But in 2009, the revenue gap is likely to be a chasm. Already, more than $1 billion has been cut from the current fiscal year's budget, which runs through June, and another $750 million may still need to be slashed. State social services, already reduced, will be cut further, but word is spreading that some of that $750 million will come from local aid. Municipalities across the Commonwealth are already imposing hiring freezes and other cost-saving measures in anticipation. Things will only get more grim.
With Patrick preparing to release his proposed FY2010 budget later this month, political leaders at the State House are warning of local-aid cuts as deep as 10 percent. Local papers are reporting possible city layoffs from Agawam to Orleans.

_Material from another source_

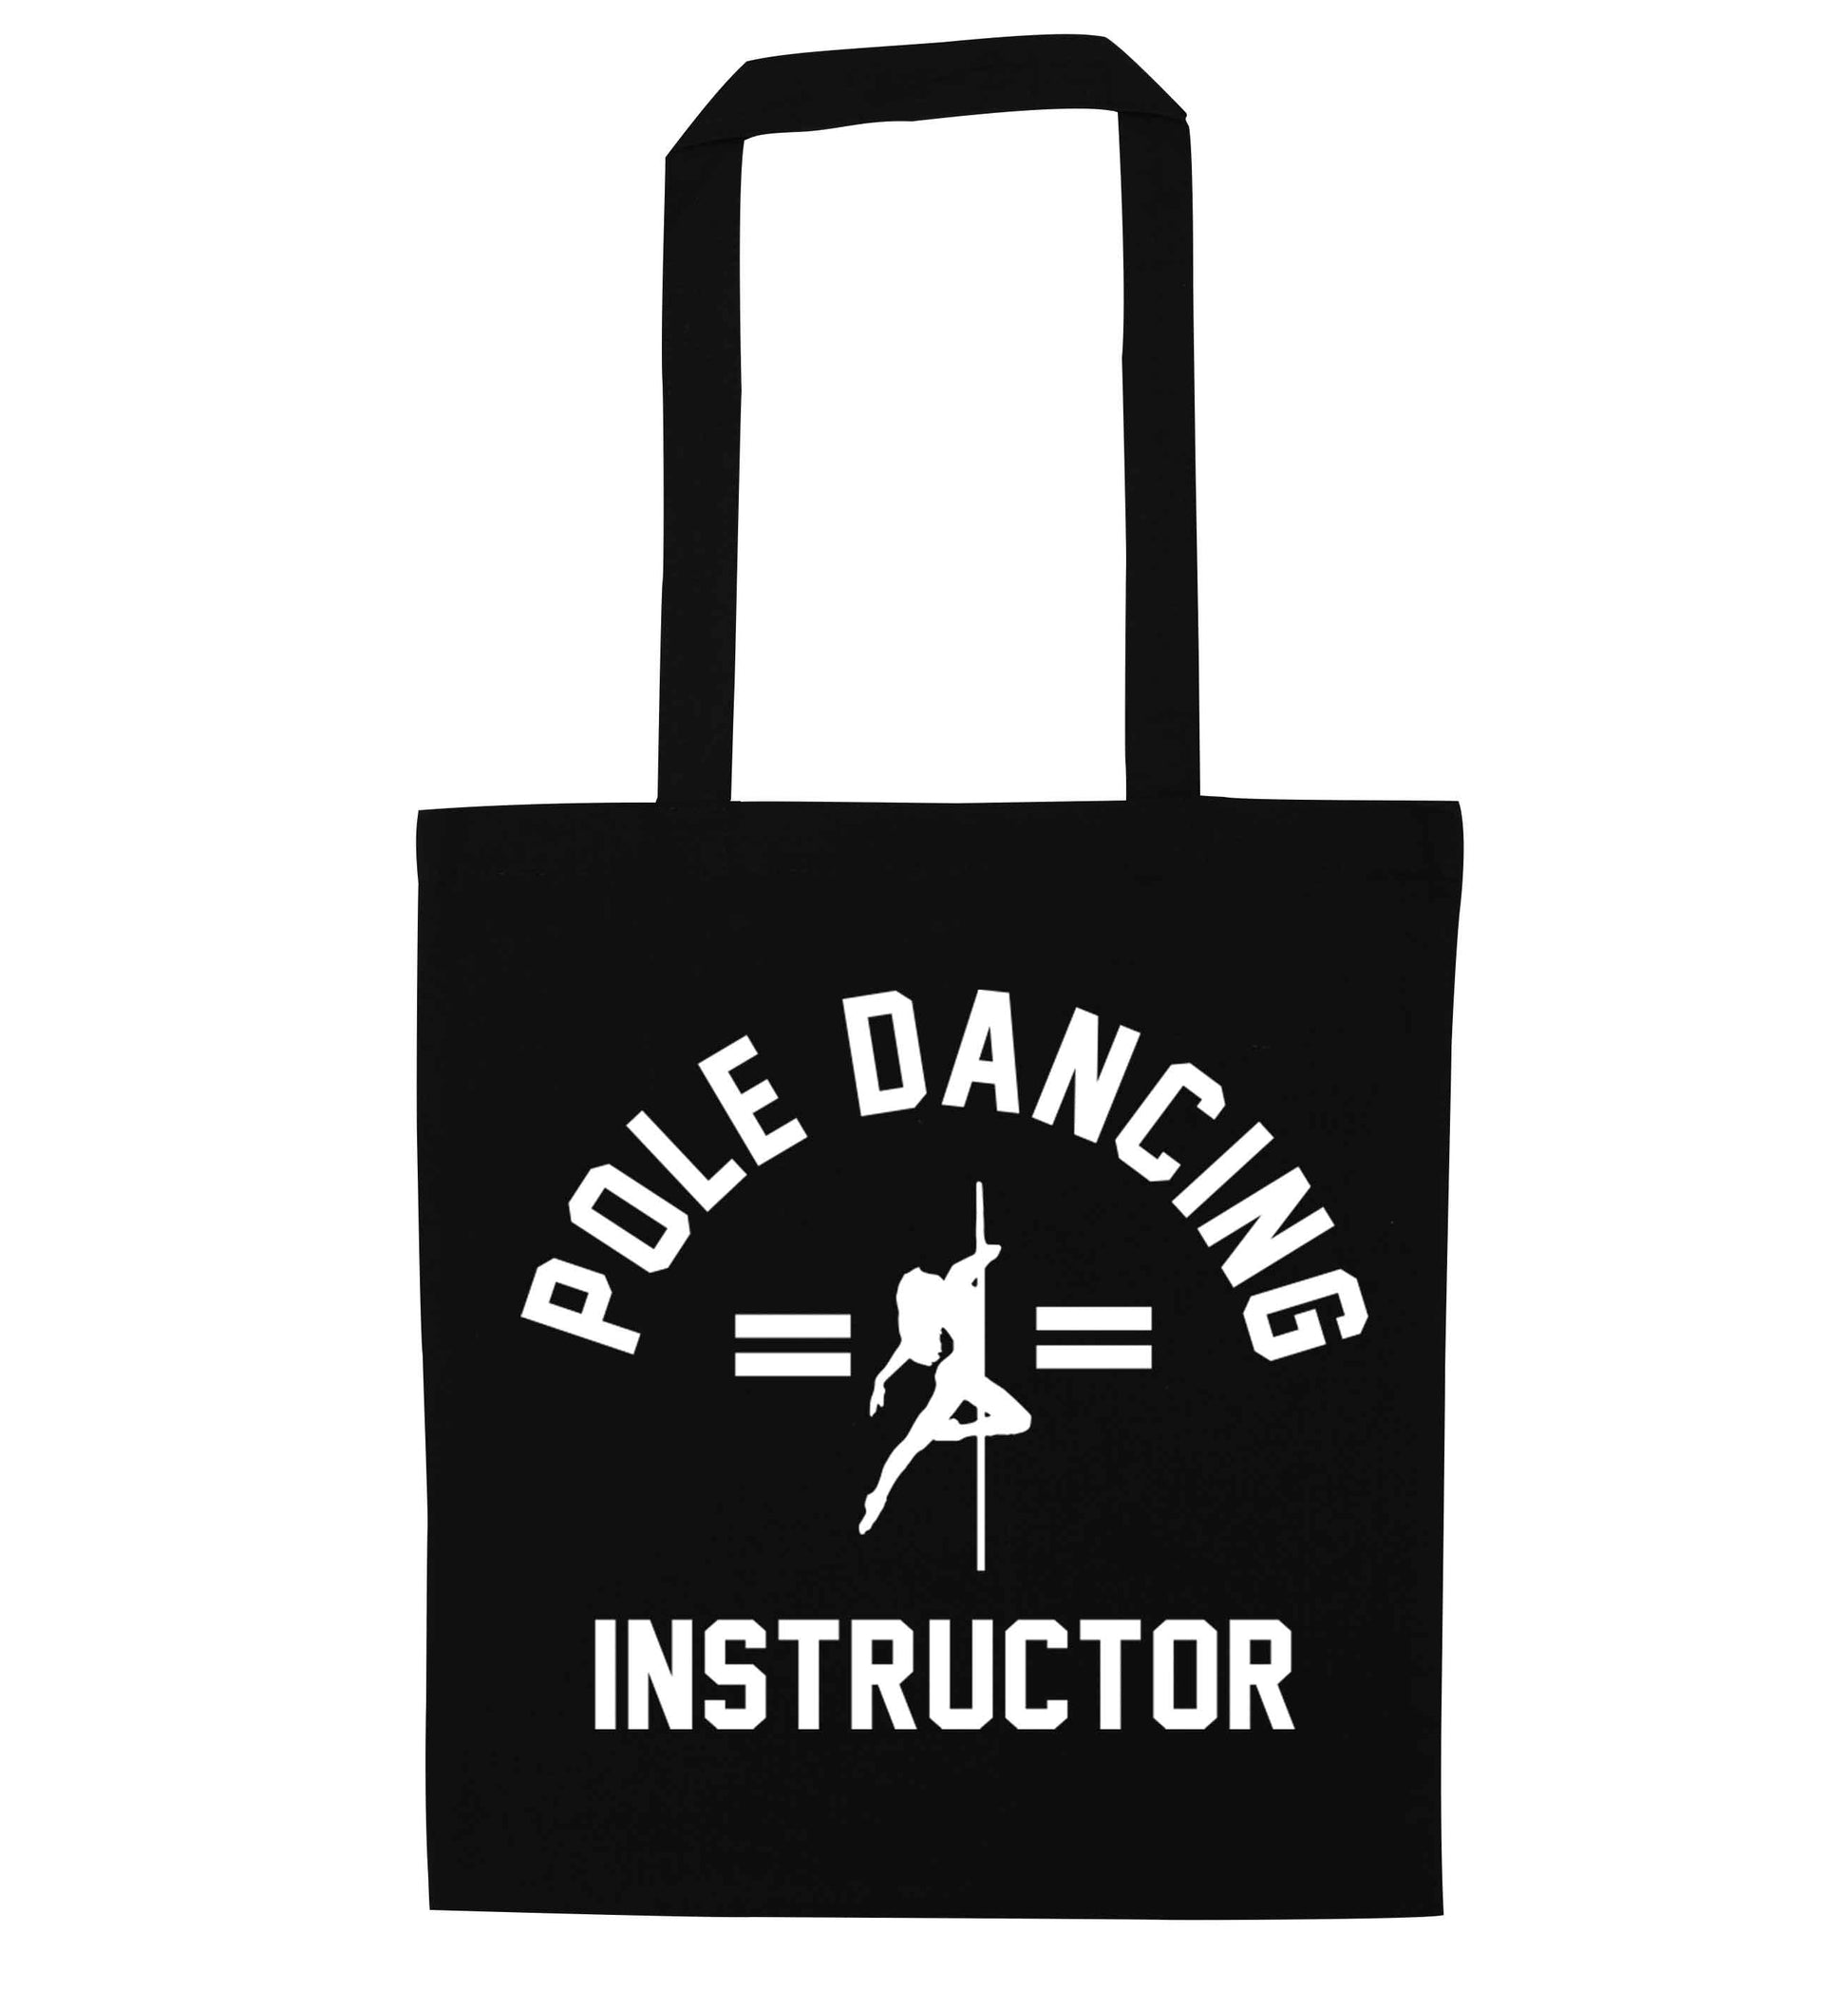 Pole dancing instructor black tote bag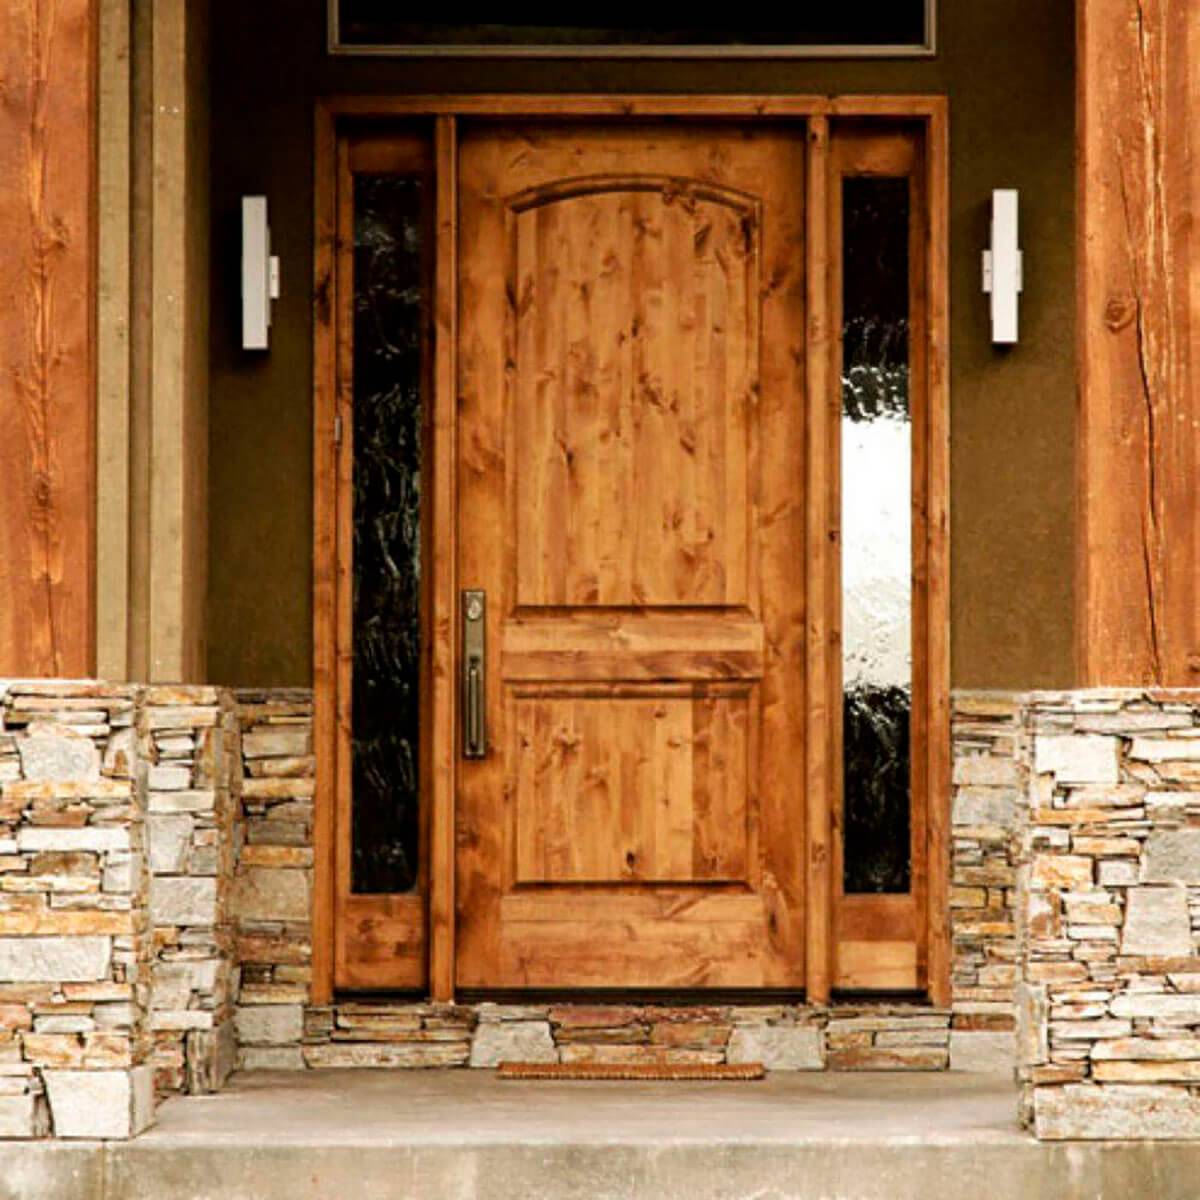 Купить дверь деревянную входную в дом. Деревянная дверь. Дверь входная деревянная. Двери в деревянном доме. Двери в деревенском стиле.

The Globe has reported that Boston's school department might cut its budget by 15 percent. These cuts are going to force very difficult decisions about what services to continue or eliminate.
It will be easy to react angrily, when it's your child's classroom bulging with too many students per teacher, or your road not getting repaved this spring, or the domestic-violence shelter in your town forced to shut down. Especially as the charities and not-for-profit organizations, which provide aid and comfort across all sectors of people's needs, will also find themselves less able to sustain their levels of contribution.
What we need is leadership, from Governor Patrick all the way to town administrators. We need them to be as open as possible with the decisions they make, and to call upon their constituents to face this tough time together.